Дмитрий Быков // "Дилетант", №12, декабрь 2014 года

.
ПОРТРЕТНАЯ ГАЛЕРЕЯ ДМИТРИЯ БЫКОВА



ВЕРА ИНБЕР

1

На свете не так много стихов, над которыми я плакал, — и это не обязательно хорошие стихи: у цветаевской любимицы Сонечки Голлидей все было в порядке с литературным вкусом, а плакала она все же не от цветаевских стихов, а от «Дарю тебе собачку, прошу ее любить». И все-таки заставить читателя рыдать и умиляться — серьезная заслуга, ибо чувства эти благотворны. Понятно, почему я два часа не мог успокоиться после есенинской «Песни о собаке», — я и сейчас ее считаю одним из величайших русских стихотворений — но не возьмусь объяснить, почему в возрасте этак десятилетнем я ревел над стихами Инбер: «Поздней ночью у подушки, когда все утомлены, вырастают маленькие ушки, чтобы слушать сны». Что здесь такого? Сплошная ведь идиллия! Ночью подушка не спит, слушает сны, а днем сама отсыпается; банальный сказочный сюжет. Но то ли оттого, что одушевлено и наделено волшебными способностями было такое пухлое и прозаическое существо, как подушка, то ли от особой инберовской слезной интонации я совершенно утратил самоконтроль. И должен вам сказать, что годы в этом смысле мало что изменили — есть у Инбер стихотворение, над которым я и сейчас... что вовсе уж неприлично моим летам... Я говорю про колыбельную «Сыну, которого нет». Там гениально все, кроме последней строфы (в которой автор впадает в совершенно уже плюшевую слащавость): «Заглянул в родную гавань — и уплыл опять.
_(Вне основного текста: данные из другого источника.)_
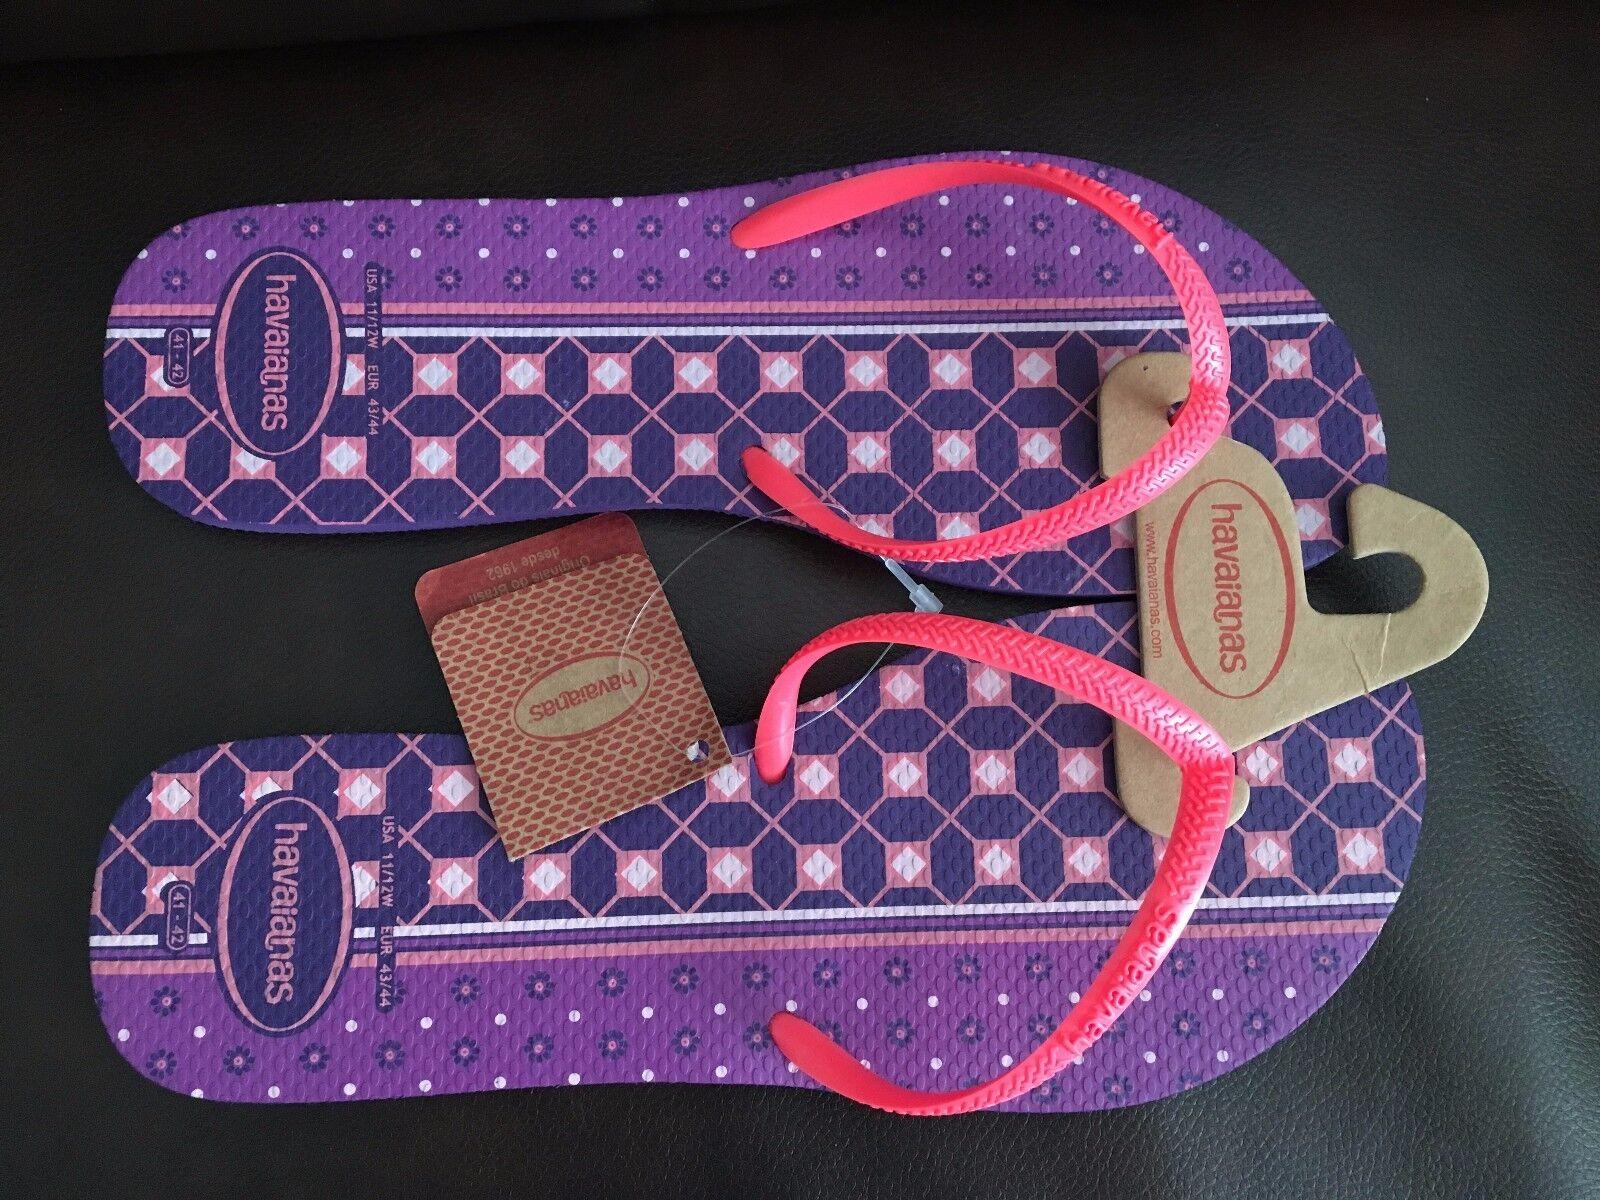 NEW Havaianas 'Slim' Women Flip Flop Sandal Women 'Slim' SZ 11 724eb3

Мальчик создан, чтобы плавать, мама — чтобы ждать». Нет, невозможно.

Может, если бы не в детстве я читал все это... Но с тех пор ее стихи настолько врезались в память, домашний фольклор и современную речь, что всякий раз, поворачивая на Можайку с МКАДа, я читаю — про себя или вслух: «Еще стояли холода во всей своей красе, еще белели провода Можайского шоссе... Один подснежник-новичок задумал было встать, приподнял белый колпачок — и спрятался опять». Это из детской поэмы про войну — «Домой, домой», — где описана история скворчиной семьи, улетевшей в эвакуацию и счастливо вернувшейся на родные березы.
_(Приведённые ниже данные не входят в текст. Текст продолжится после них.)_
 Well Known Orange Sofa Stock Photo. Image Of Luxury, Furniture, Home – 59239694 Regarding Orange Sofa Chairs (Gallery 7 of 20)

И после этого мне тут будут впаривать — как пишут в некоторых сегодняшних статьях про Инбер, — что в большую литературу она так и не вошла: мило, талантливо, но никому сейчас не нужно... Во-первых, автор, который вошел в фольклор, уже в литературе, не вычеркнешь: «У сороконожки народились крошки» — не хуже Чуковского. А «Девушка из Нагасаки»? Скажи ей кто, что в памяти народной останется от нее главным образом эта песня, Инбер бы, может, переключилась на шансон и многого бы достигла; как все поэты, умеющие писать прозу, она сильна в балладе, замечательно держит сюжет, и такие ее стихи, как «Васька Свист в переплете» или «Сеттер Джек», попали бы в хрестоматию советской поэзии при самом требовательном отборе. Вертинский, весьма придирчивый в выборе текстов, написал на ее стихи знаменитого «Джонни» — «У маленького Джонни горячие ладони и зубы, как миндаль», — и эта вещь тоже не может посетовать на забвение.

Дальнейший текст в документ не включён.